Vim Easy Align Save

:sunflower: A Vim alignment plugin

Project README

vim-easy-align travis-ci

A simple, easy-to-use Vim alignment plugin.


Use your favorite plugin manager.

Using vim-plug:

Plug 'junegunn/vim-easy-align'

Quick start guide

Add the following mappings to your .vimrc.

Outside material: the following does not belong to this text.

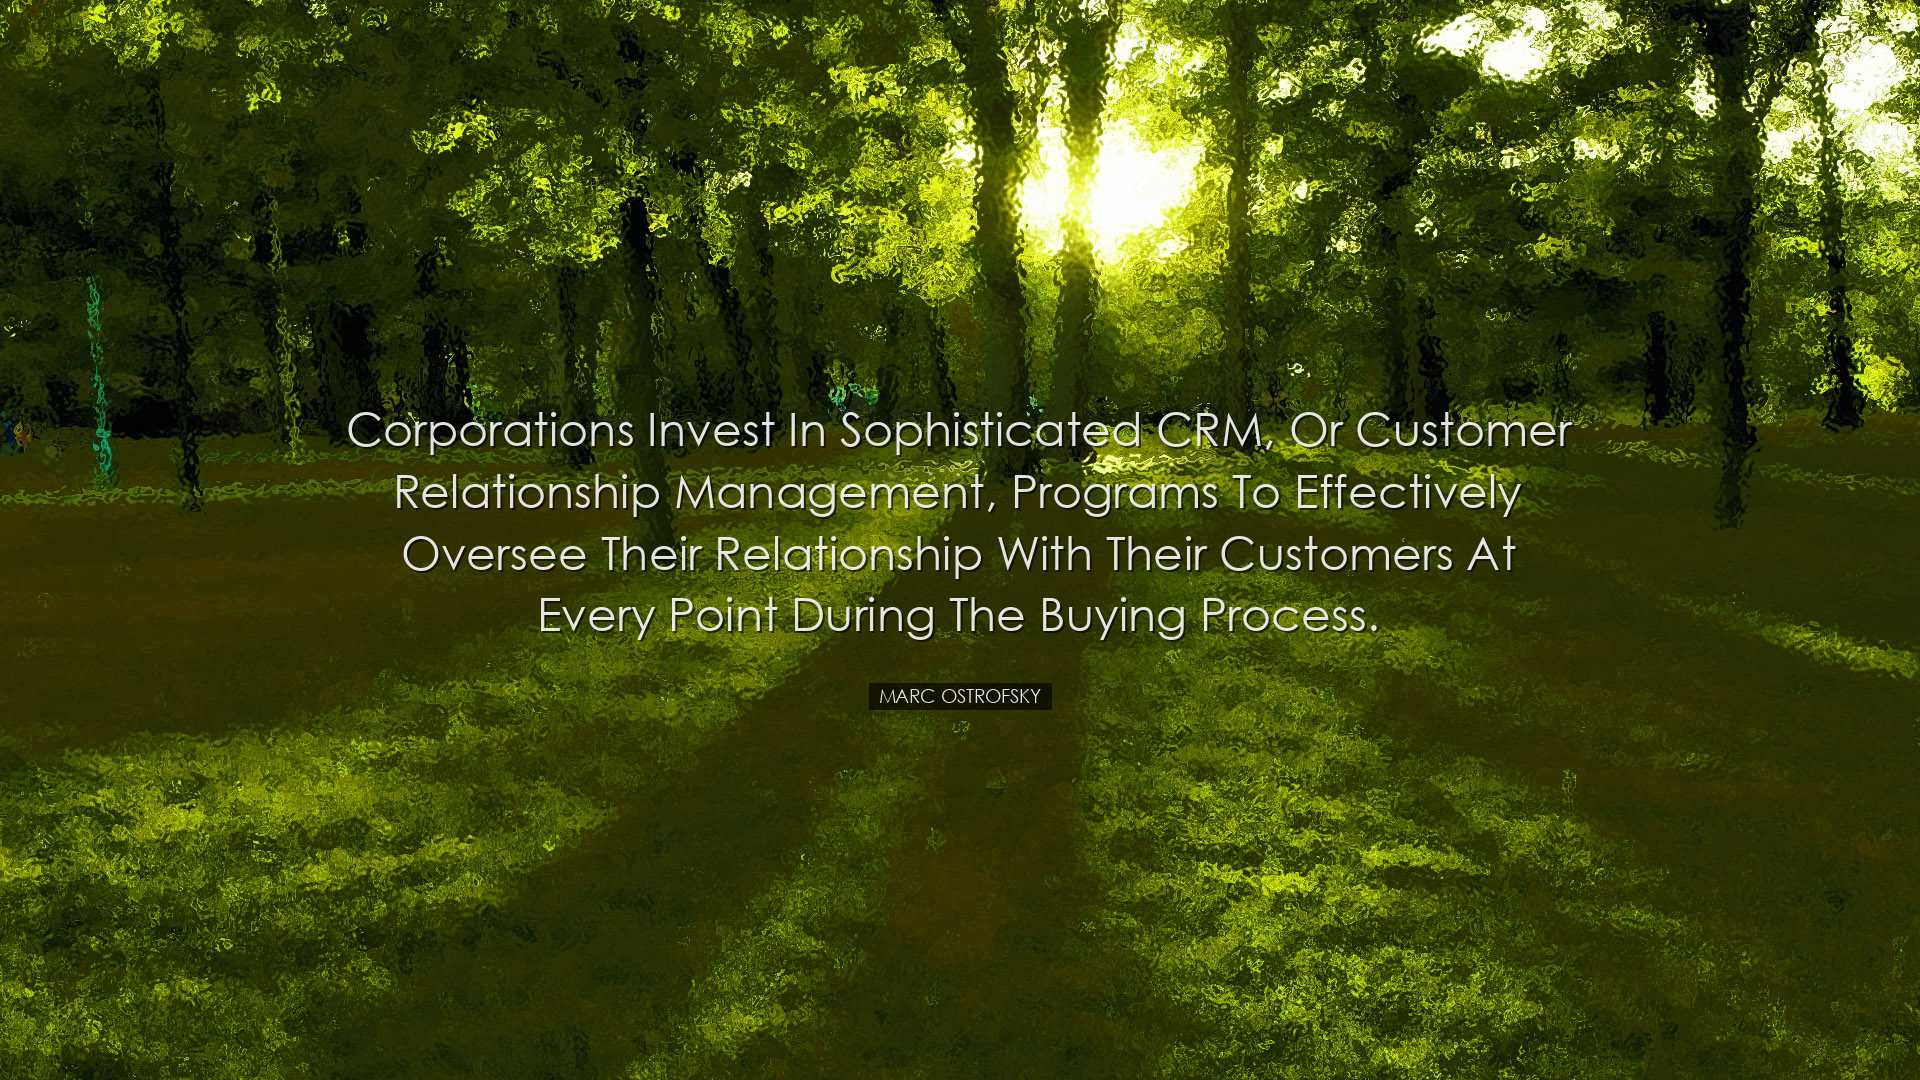 Corporations invest in sophisticated CRM, or Customer Relationship
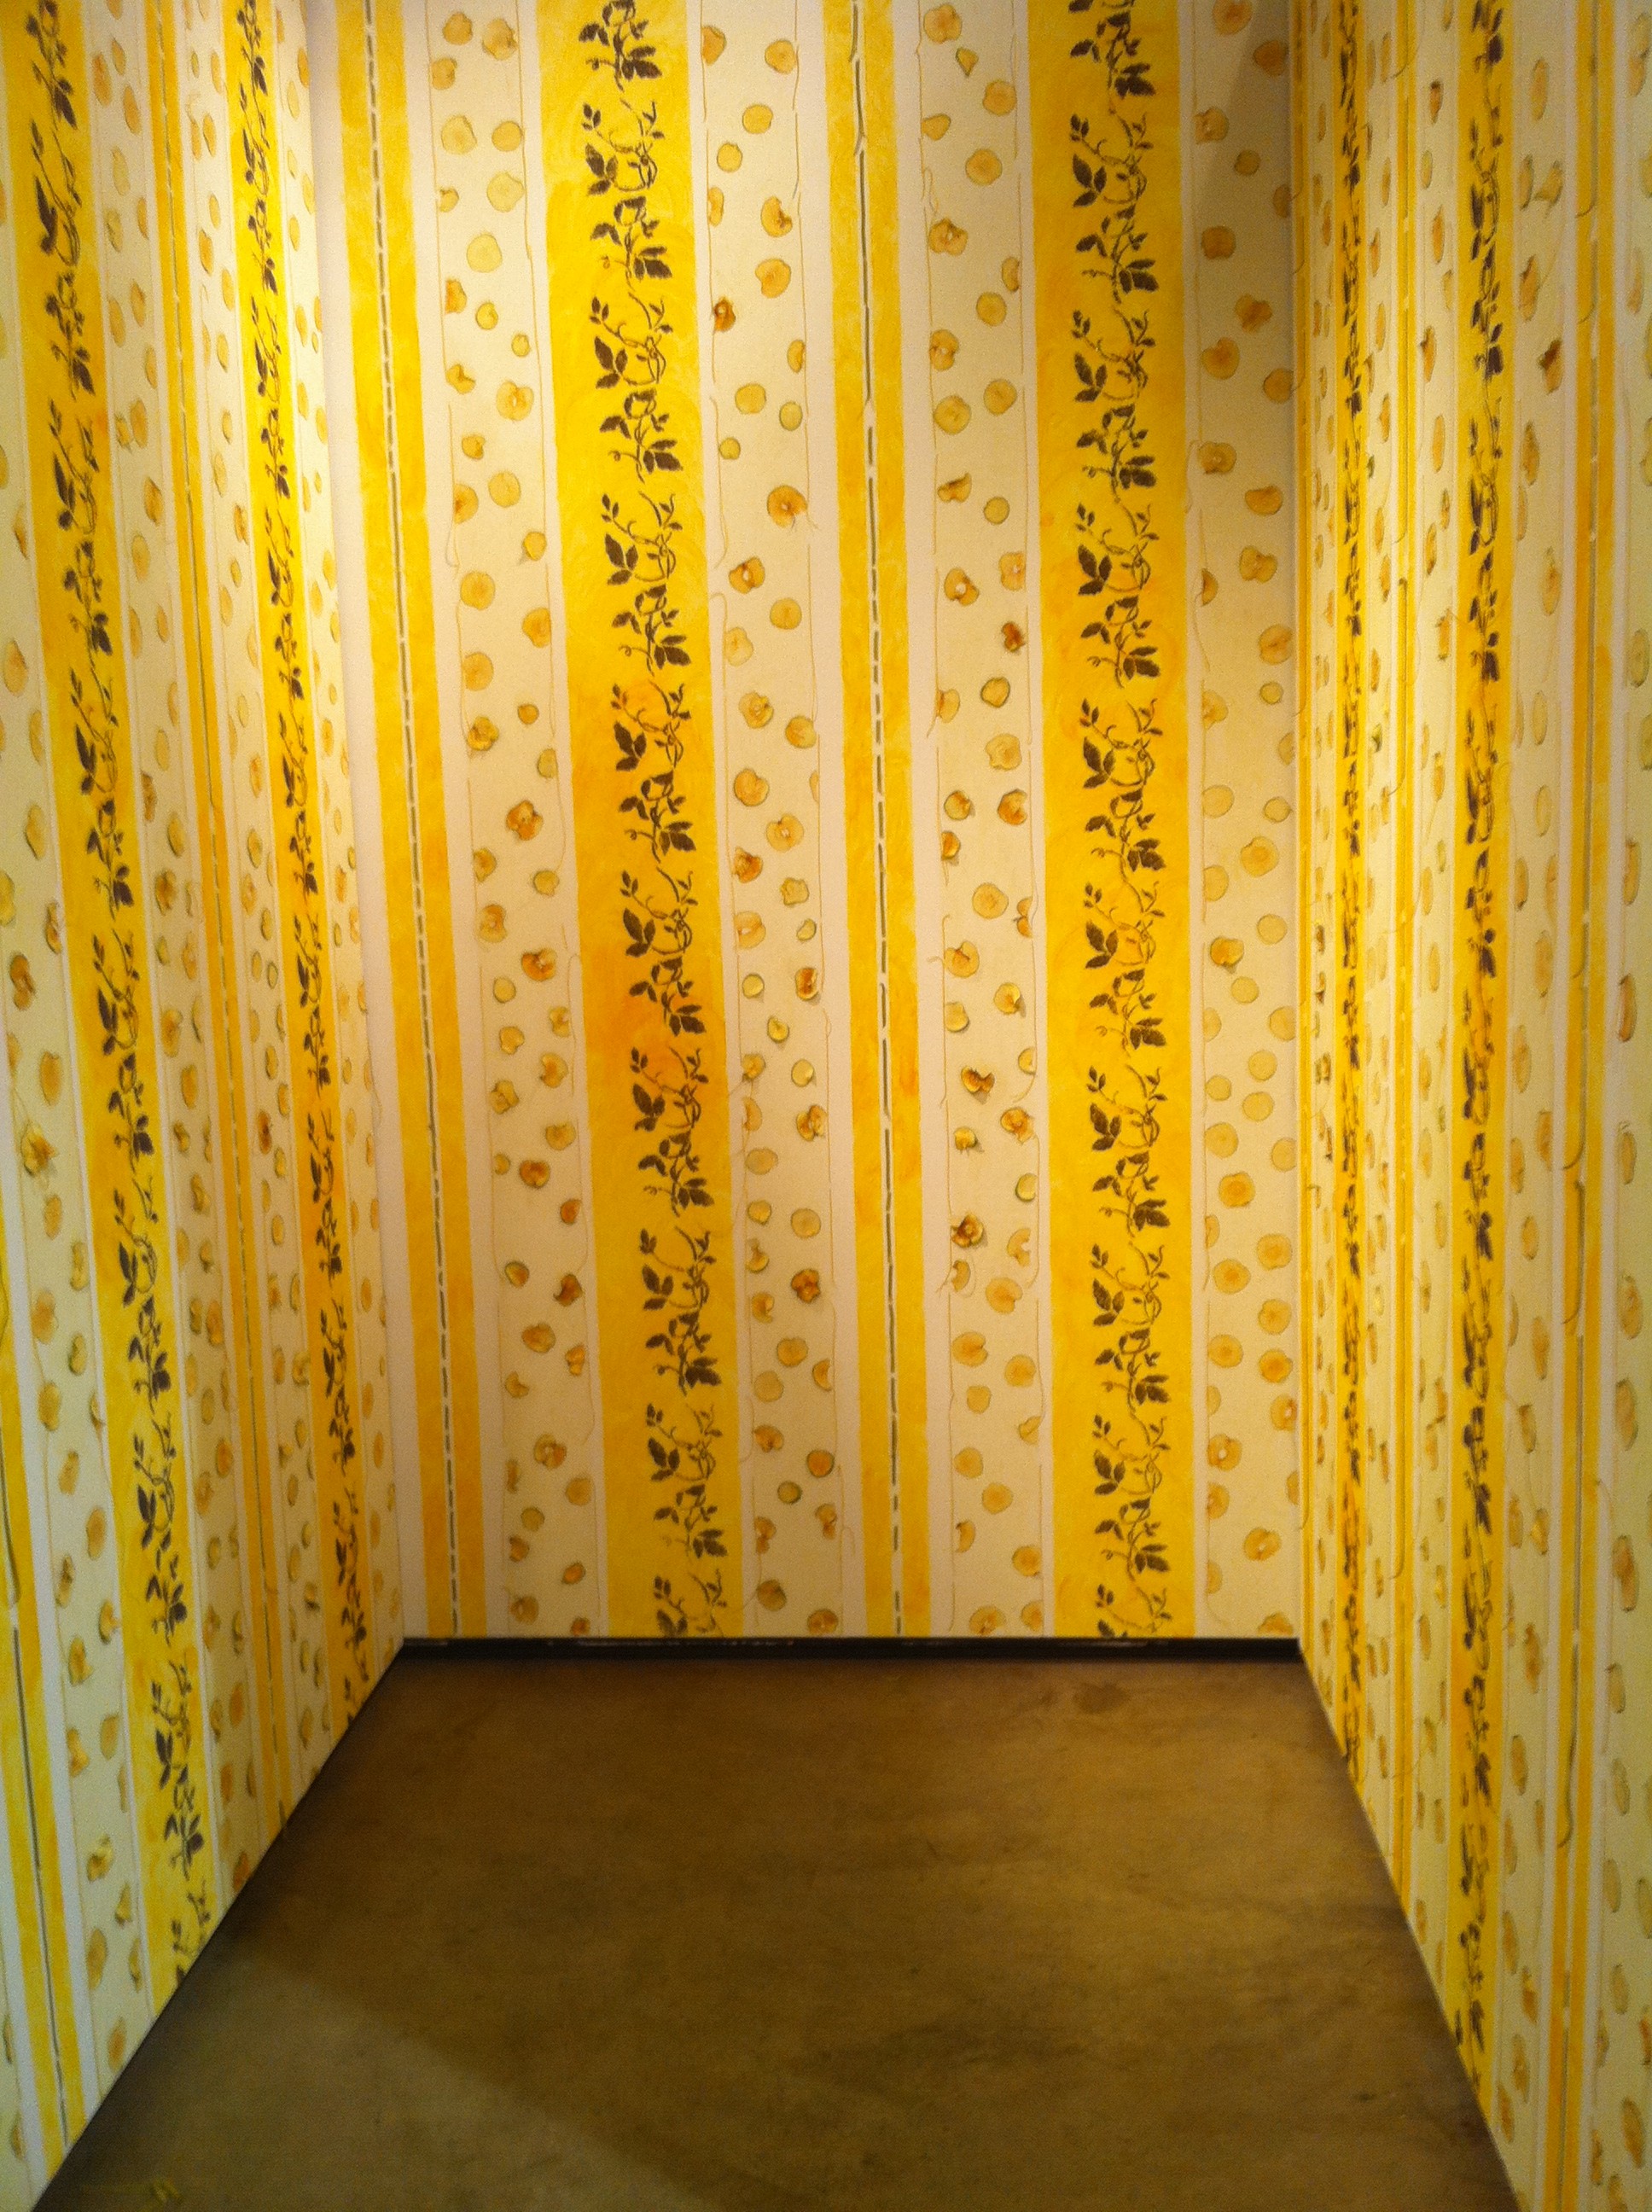 The Yellow Wallpaper I by hyperphagia on DeviantArt

" Start interactive EasyAlign in visual mode (e.g. vipga)
xmap ga <Plug>(EasyAlign)

" Start interactive EasyAlign for a motion/text object (e.g. gaip)
nmap ga <Plug>(EasyAlign)

Then with the following lines of text,

apple   =red
sky-=   blue

try these commands:

  • vipga=
    • visual-select inner paragraph
    • Start EasyAlign command (ga)
    • Align around =
  • gaip=
    • Start EasyAlign command (ga) for inner paragraph
    • Align around =


Click on each image to see from the beginning.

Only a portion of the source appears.